Jocic v London Borough of Hammersmith and Fulham UKEAT/0194/07/LA
The EAT reviews the authorities in cases where the reason found for the dismissal by the Employment Tribunal is different from that put forward by the employer and holds that the relevant principles are those set out in Hannan v TNT-PIEC (UK) Limited [1986] IRLR 165. If the difference between the reason relied upon by the employer and the reason found by the Tribunal, which was not formally raised at the hearing, goes to facts and substance and there would or might have been some substantial or significant difference in the way in which the hearing was conducted or in the material which would have been put before the Tribunal, then the Tribunal's substitution of the reason for the dismissal cannot stand; but otherwise such change should be seen as one of re-labeling which does not significantly affect the investigation before the Tribunal and therefore the Tribunal's substitution can stand.

Constructive dismissal

MYA Consulting Ltd v Johnson UKEAT/0306/07/DM
The Employment Tribunal correctly held that the Respondent company was liable for the acts of the Managing Director's husband and so for breach of the fundamental term of trust and confidence caused by his acts. Moores v Bude Stratton Town Council [2000] IRLR 676 applied.

Contributory conduct

Sinclair v Wandsworth Council UKEAT/0145/07/DM
The Employment Tribunal erred in holding that the Claimant had not contributed to his dismissal as the misconduct related to alcohol and he was an alcoholic. The EAT held that where the Disability Discrimination Act 1995 does not apply, it cannot be said that totally unacceptable conduct in an employment context (or in a criminal context) can be excused by reference to a background or underlying illness.

Disability Discrimination

The Environment Agency v Rowan UKEAT/0060/07/DM
An Employment Tribunal considering a claim that an employer has discriminated against an employee under section 3A(2) Disability Discrimination Act 1995 by failing to comply with the section 4A duty must identify: (a) the provision, criterion or practice applied by or on behalf of an employer, or (b) the physical feature of premises occupied by the employer, (c) the identity of non-disabled comparators (where appropriate) and (d) the nature and extent of the substantial disadvantage suffered by the Claimant.

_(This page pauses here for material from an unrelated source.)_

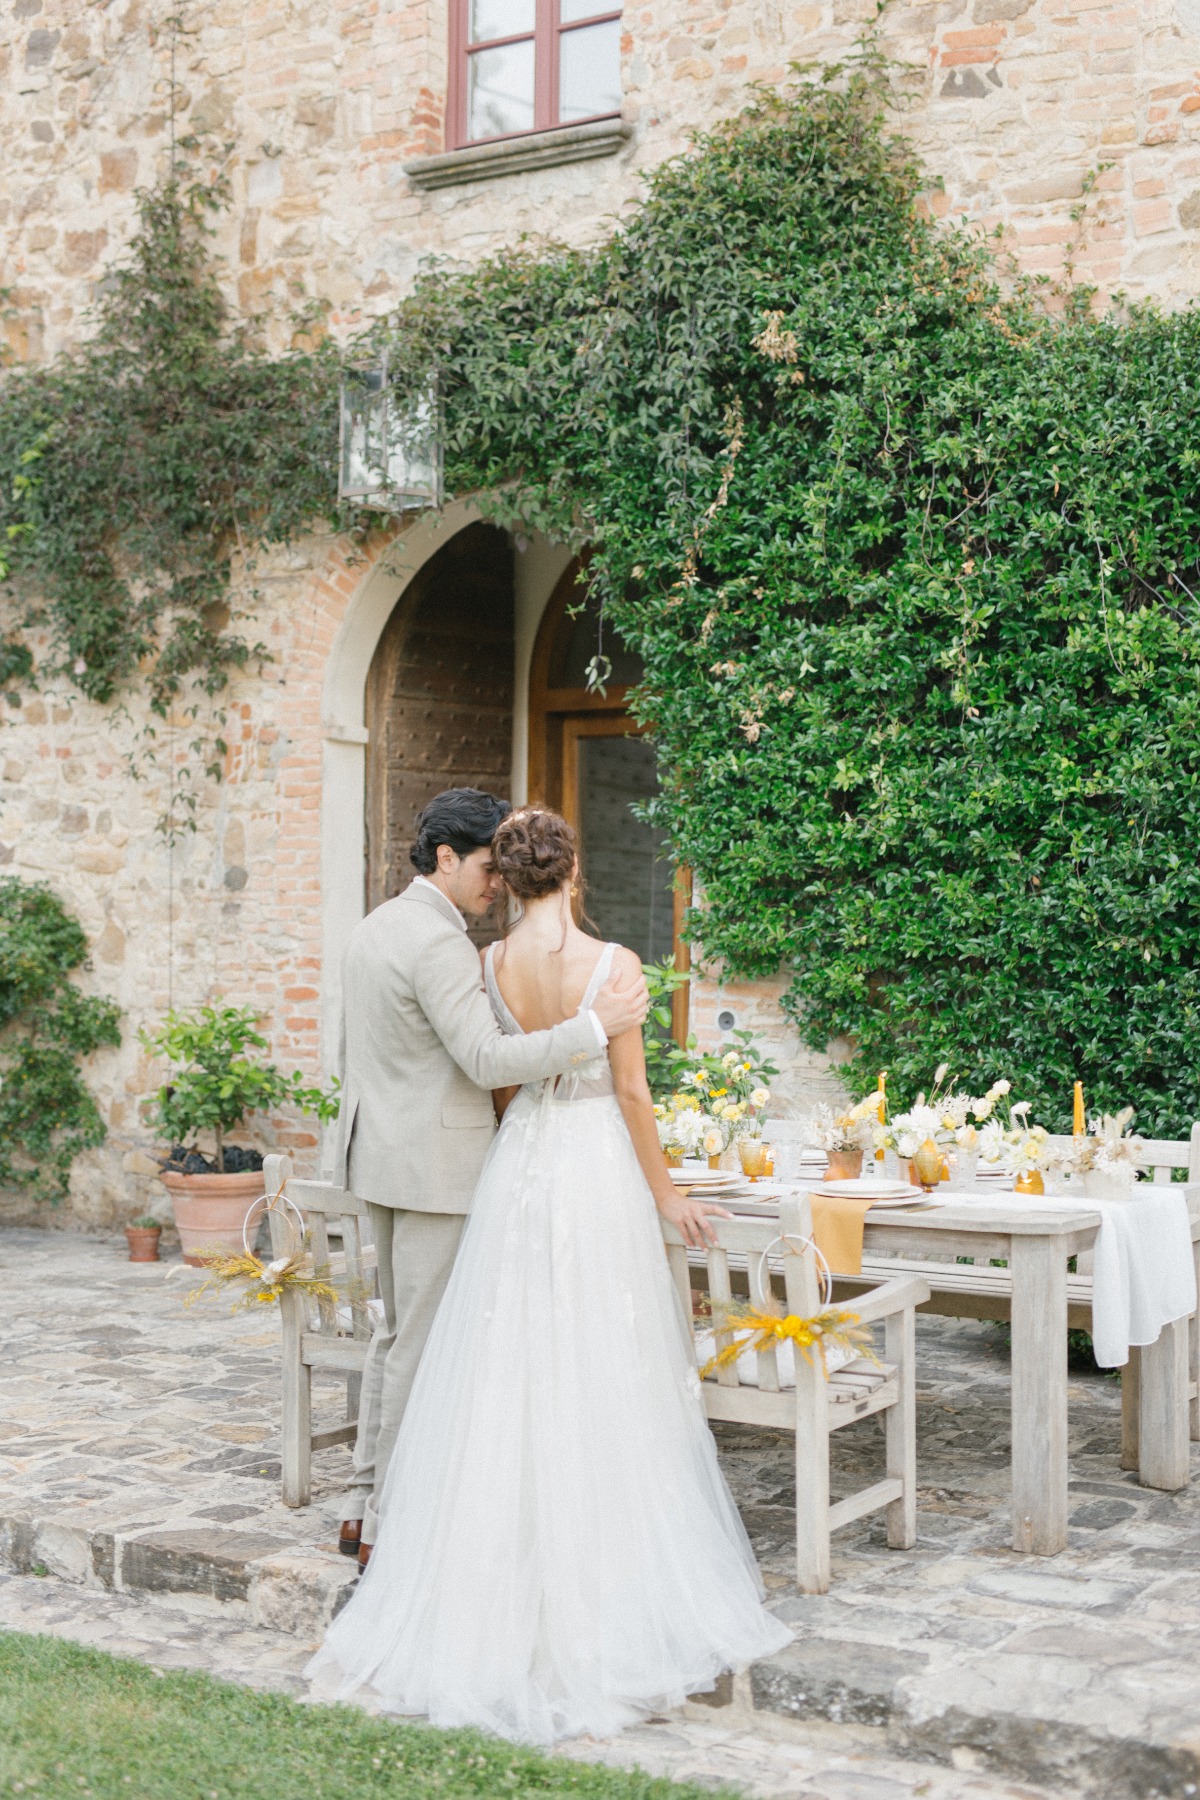 Dreamy Italian Countryside Wedding Inspiration

Mid-Devon District Council v Stevenson UKEAT/0196/07/LA
The Employment Tribunal had erred in failing to allow the employer to instruct its own expert. While such decisions can only be interfered with on Wednesbury grounds i.e. misapprehension as to the facts, taking into account irrelevant matters, failing to take into account relevant matters or reaching a decision which no reasonable Tribunal could reach, in this case it was one which no reasonable Tribunal could have reached.

Victimisation

Munu v Great Ormond Street Hospital UKEAT/0287/07/DM
The EAT agrees with the decision in Oyarce v Cheshire County Council (UKEAT/0557/06/DA) that the reverse burden of proof does not apply to claims of discrimination under the Race Relations Act 1976. Even if it had, the approach of the Tribunal to these allegations of victimisation in fact satisfied the requirements of section 54A.

Religion or belief

McClintock v Department of Constitutional Affairs UKEAT/0223/07/CEA
There had been no discrimination where a Justice of the Peace resigned after being told that he would not be relieved from the duty to sit in cases involving same sex couples when he stated that he could in conscience, and compatibly with his philosophical and religious beliefs, agree to place children with same sex couples. The Claimant had never made it plain that his objection was due to any conscientious or religious conviction. Further there had been no indirect discrimination as the requirement to sit on all cases would have been justified.

Consultation

UK Coal Mining Ltd v NUM UKEAT/0397/06/RN
The EAT upholds maximum protective awards for failure to consult properly over mass redundancies at the Ellington Colliery in Northumberland. However, departing from previous authority, the EAT held that the Employment Tribunal was wrong to conclude that there was no obligation to consult over the reason for the closure itself.